Activity ::
The required output is the exact run of lines in the listing below from the line holding "Mofudea+ - 短篇 - 1" through the line holding "Comprar Adaptador USB", with no pictures.
(Records for this task)
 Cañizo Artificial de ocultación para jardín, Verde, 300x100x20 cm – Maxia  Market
(End Records for this task)
(Records for this task)
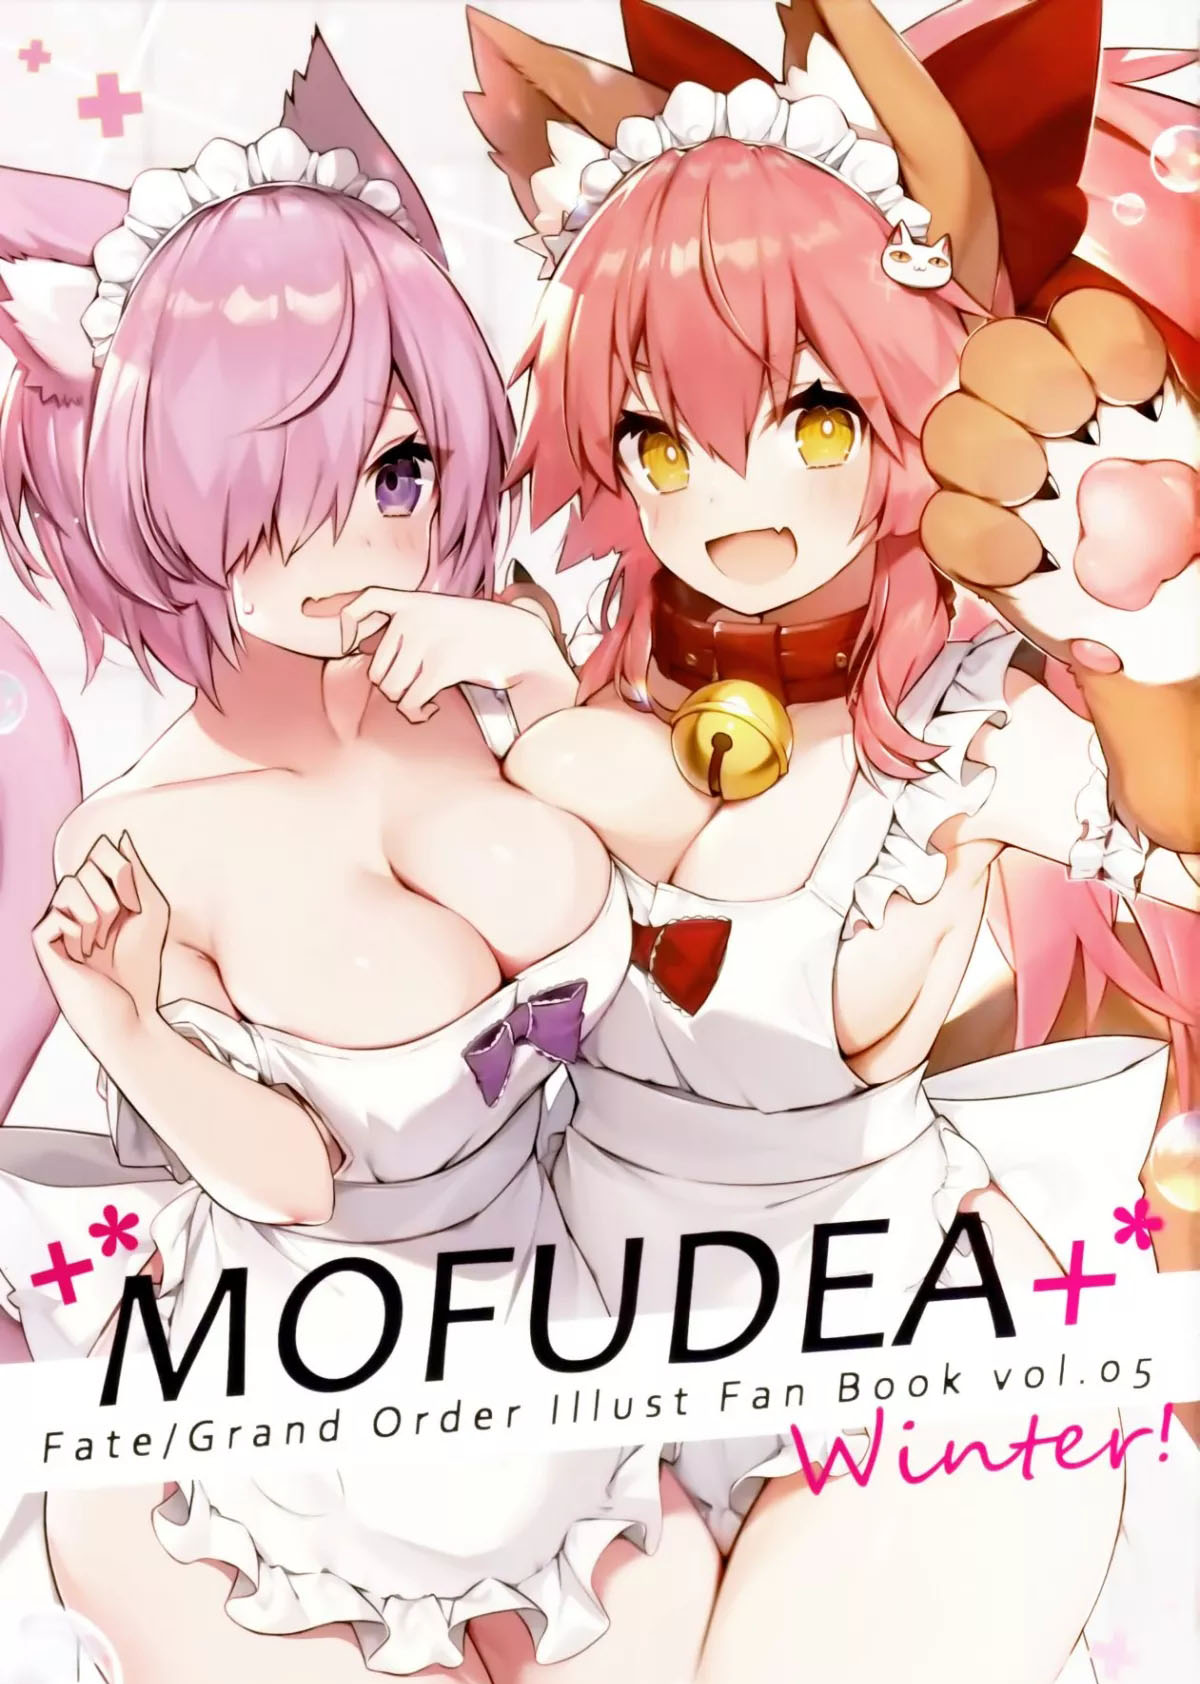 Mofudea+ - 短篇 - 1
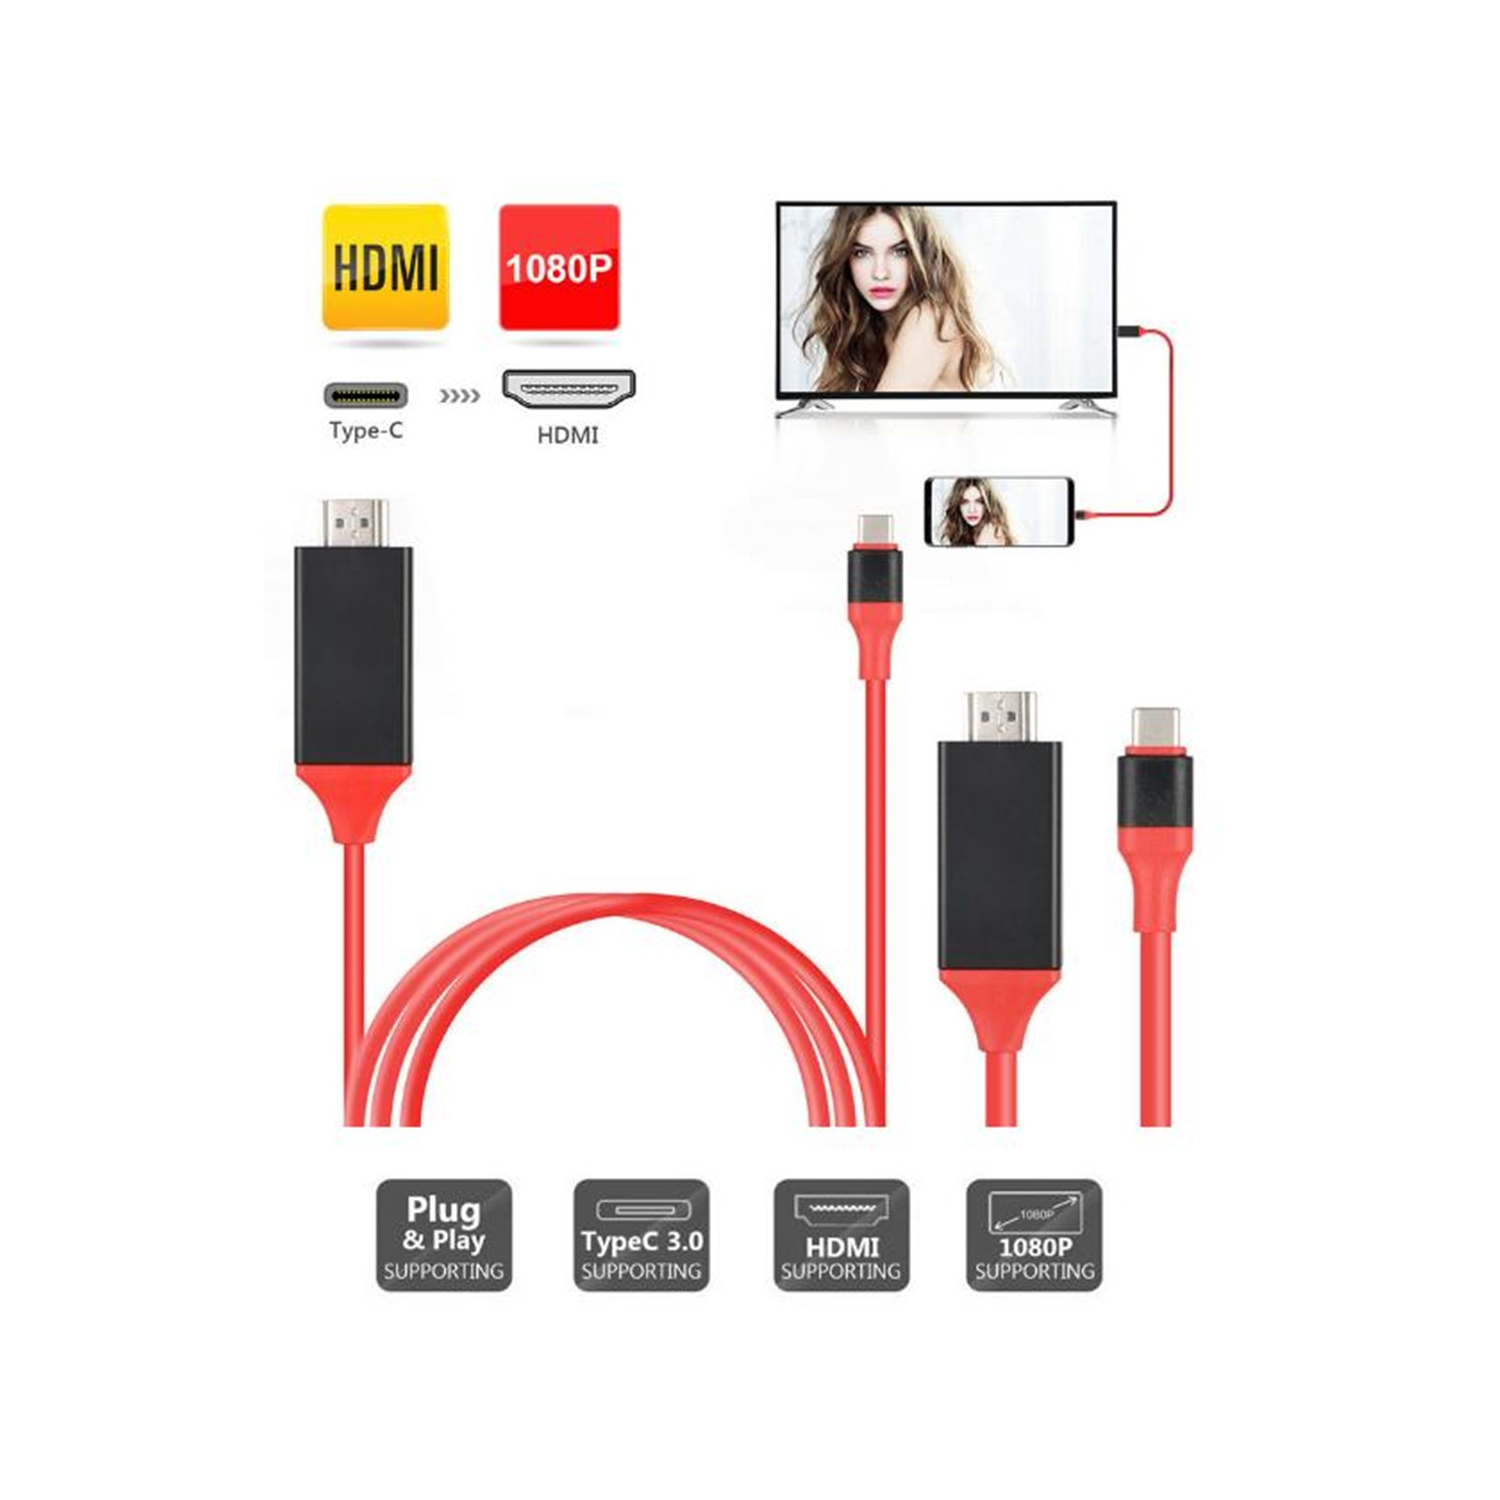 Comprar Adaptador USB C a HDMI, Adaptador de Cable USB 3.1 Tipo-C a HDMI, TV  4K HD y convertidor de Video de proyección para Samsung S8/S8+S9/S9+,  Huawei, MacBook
(End Records for this task)
Answer to this problem ::
 Mofudea+ - 短篇 - 1
 Comprar Adaptador USB C a HDMI, Adaptador de Cable USB 3.1 Tipo-C a HDMI, TV  4K HD y convertidor de Video de proyección para Samsung S8/S8+S9/S9+,  Huawei, MacBook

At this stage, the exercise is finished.